* Assignment
Copy out the data exactly as it appears, without a single image.
(Stored data)
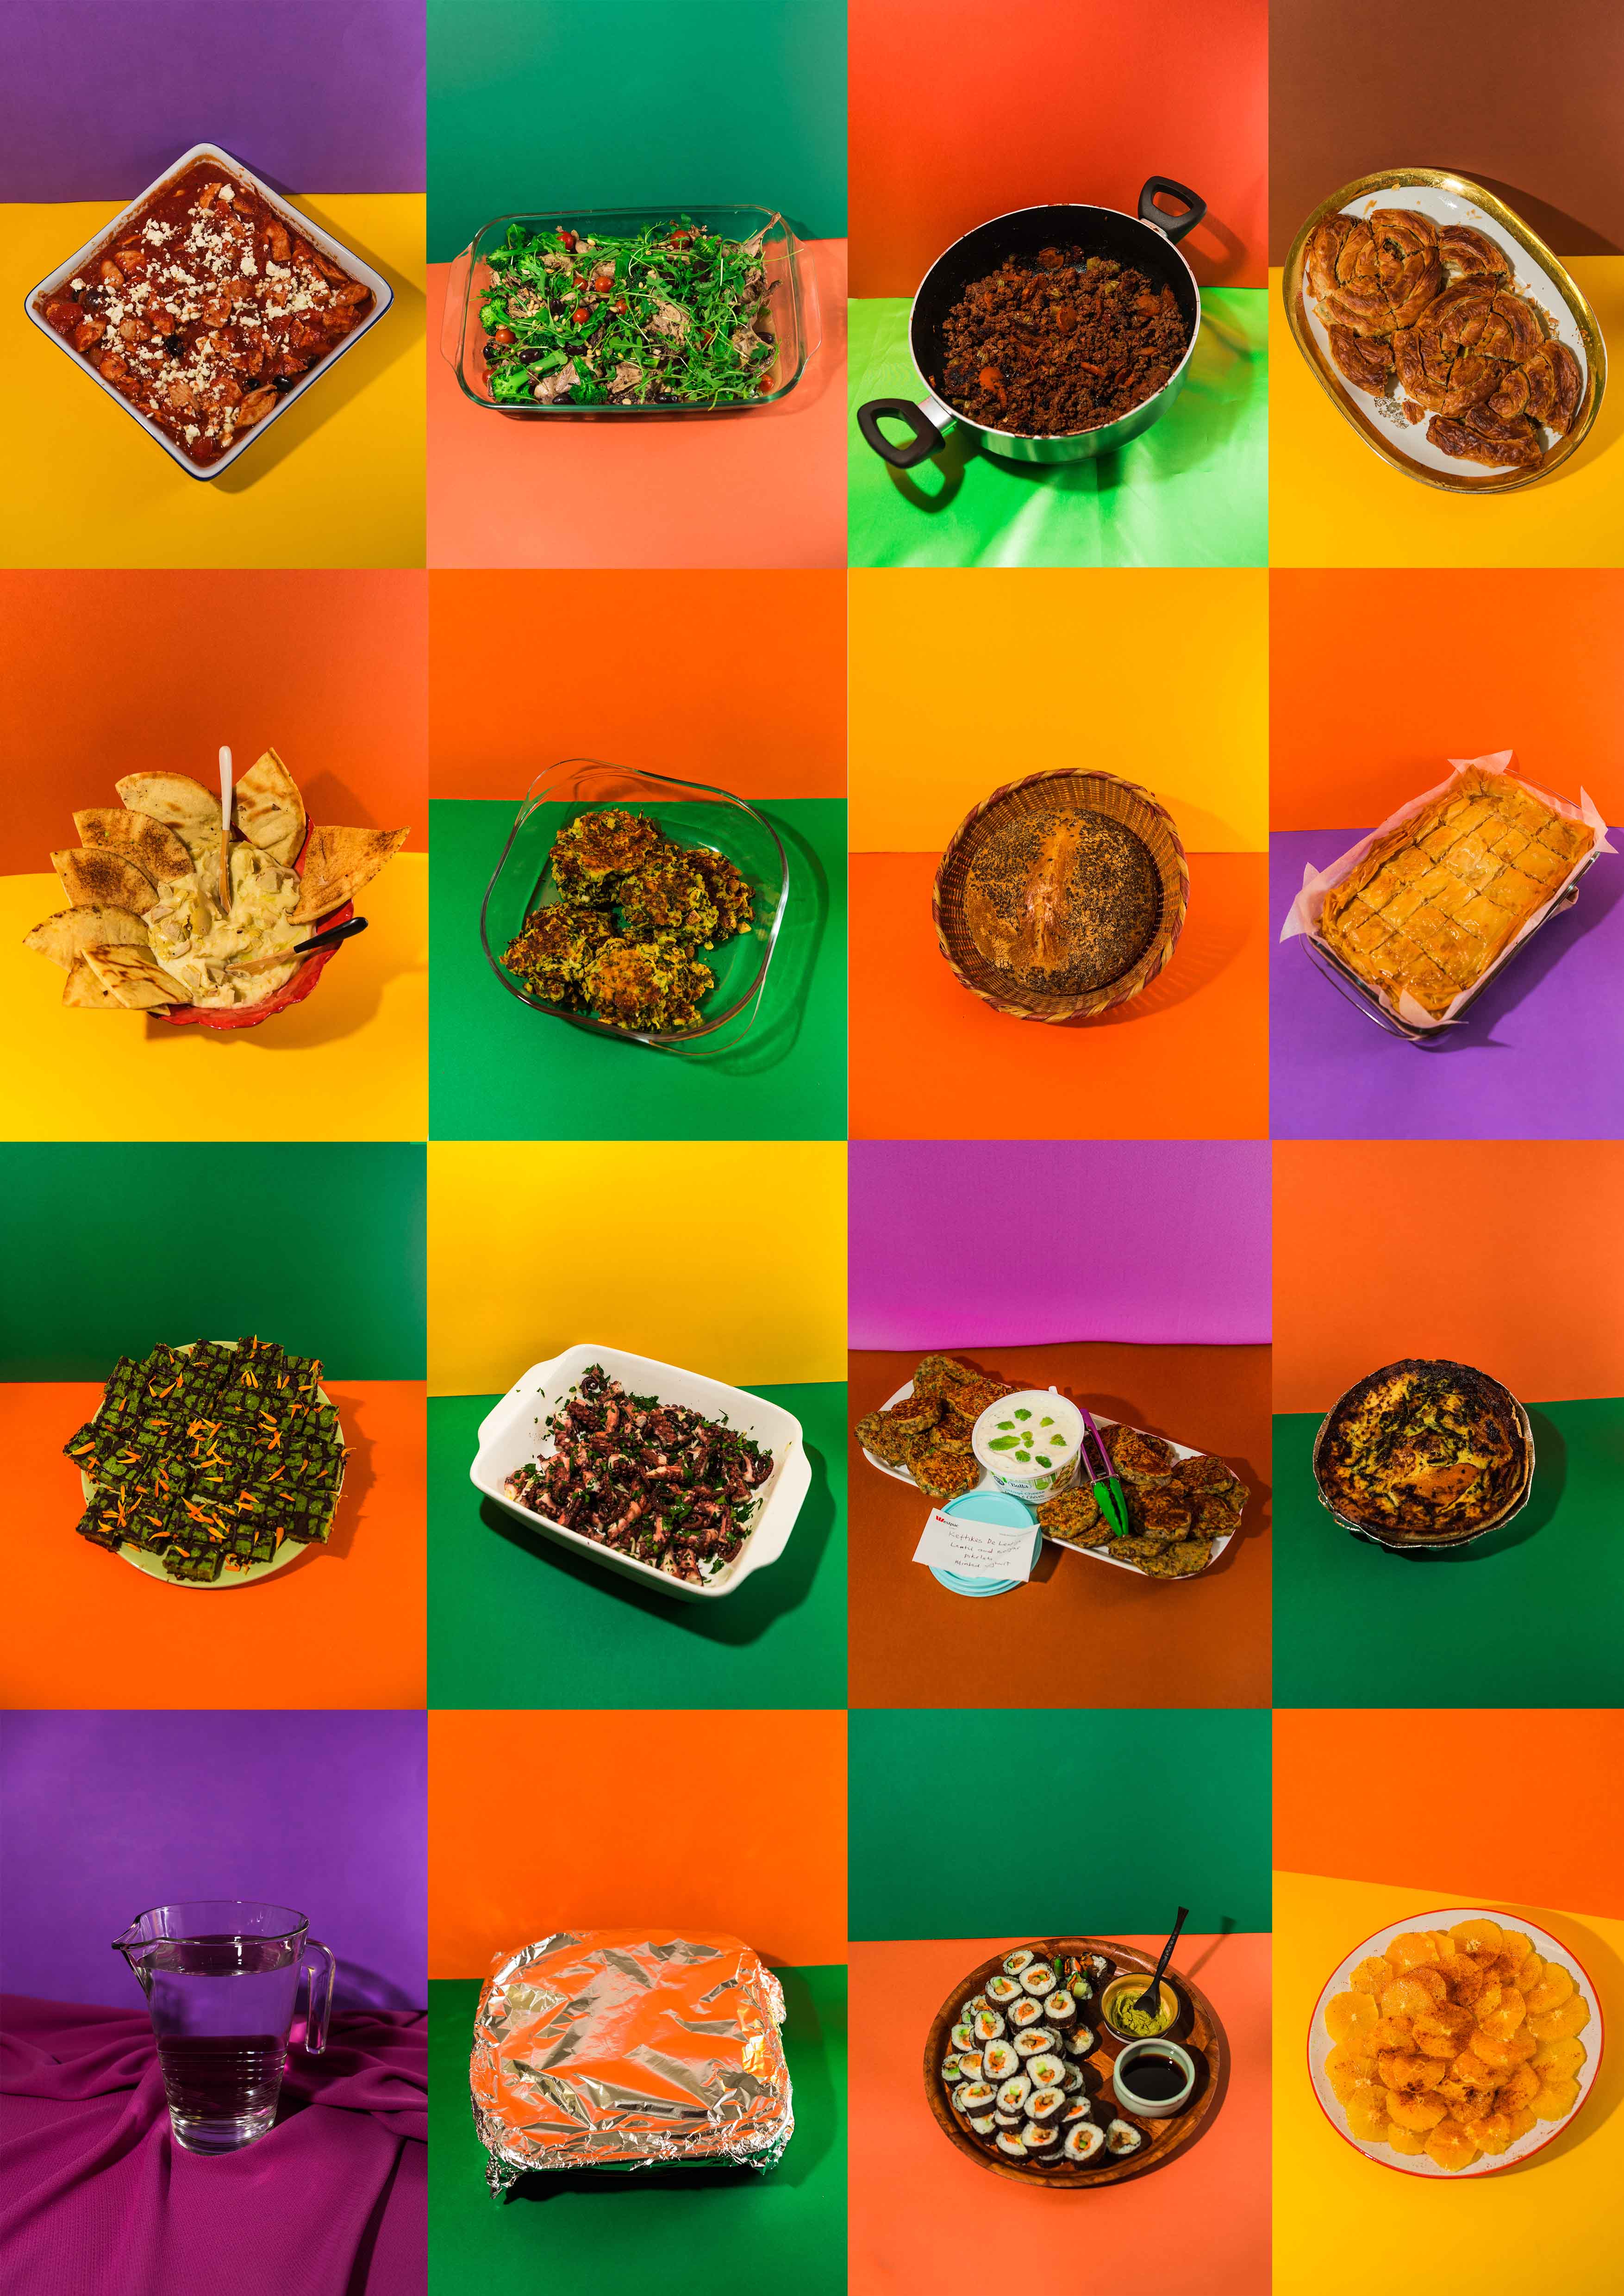 Image 02: 'Residency Food Poster' (2018), photographic print. D.O.P by Emmaline Zanelli. Food cooked by the Ergo Apartment residents. Facilitated by Kaspar Schmidt Mumm.
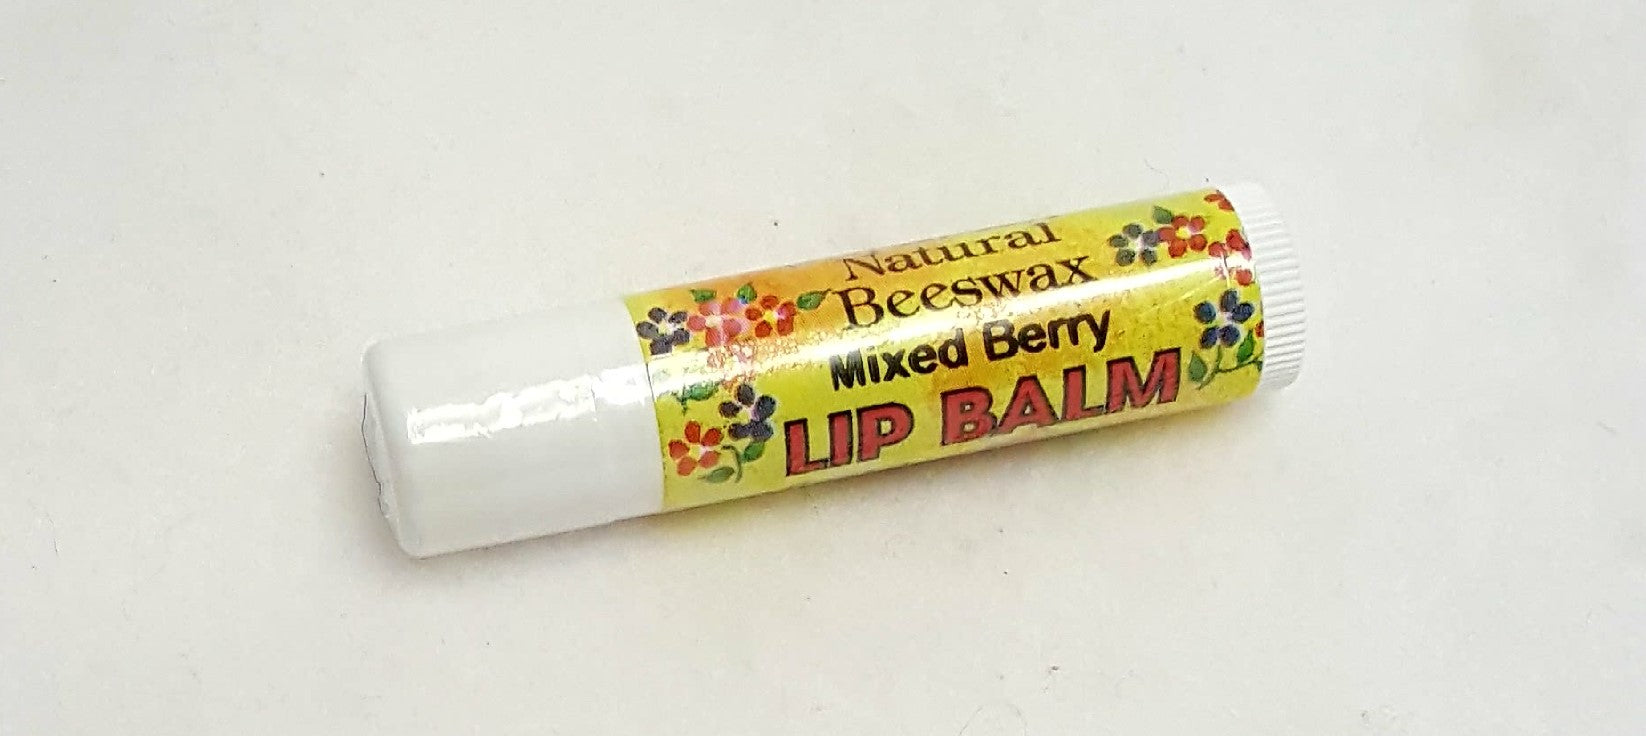 For sweet and fruity lips, try "Mixed Berry" lip balm.
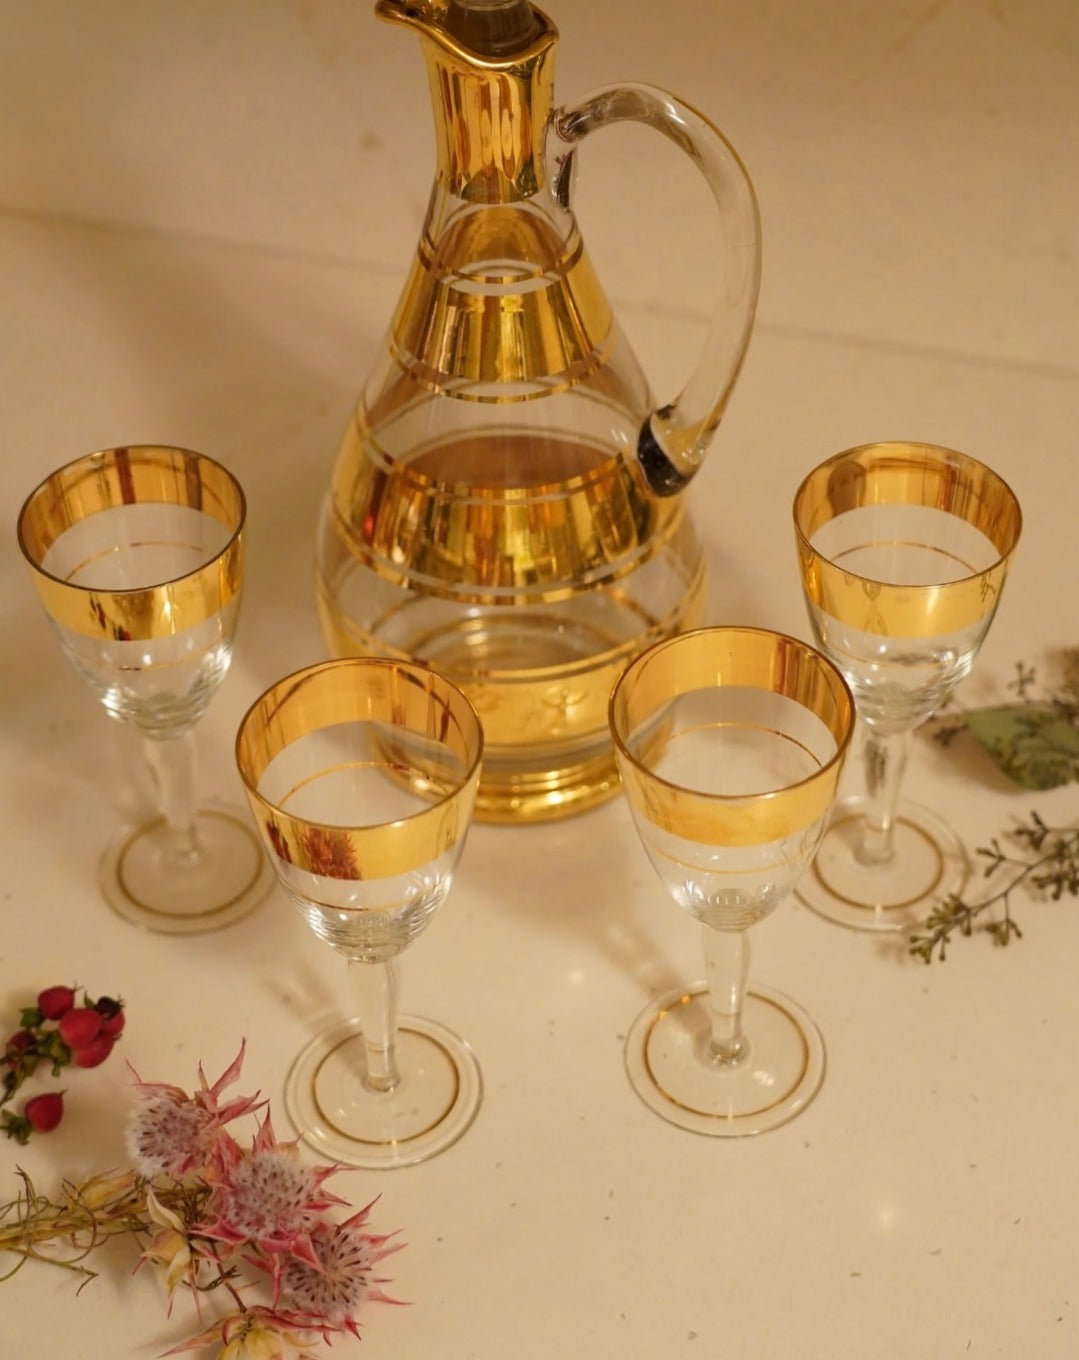 VINTAGE MID-CENTURY CRYSTAL DECANTER AND WINE GLASSES
(End Stored data)
* Output of the exercise
 Image 02: 'Residency Food Poster' (2018), photographic print. D.O.P by Emmaline Zanelli. Food cooked by the Ergo Apartment residents. Facilitated by Kaspar Schmidt Mumm.
 For sweet and fruity lips, try "Mixed Berry" lip balm.
 VINTAGE MID-CENTURY CRYSTAL DECANTER AND WINE GLASSES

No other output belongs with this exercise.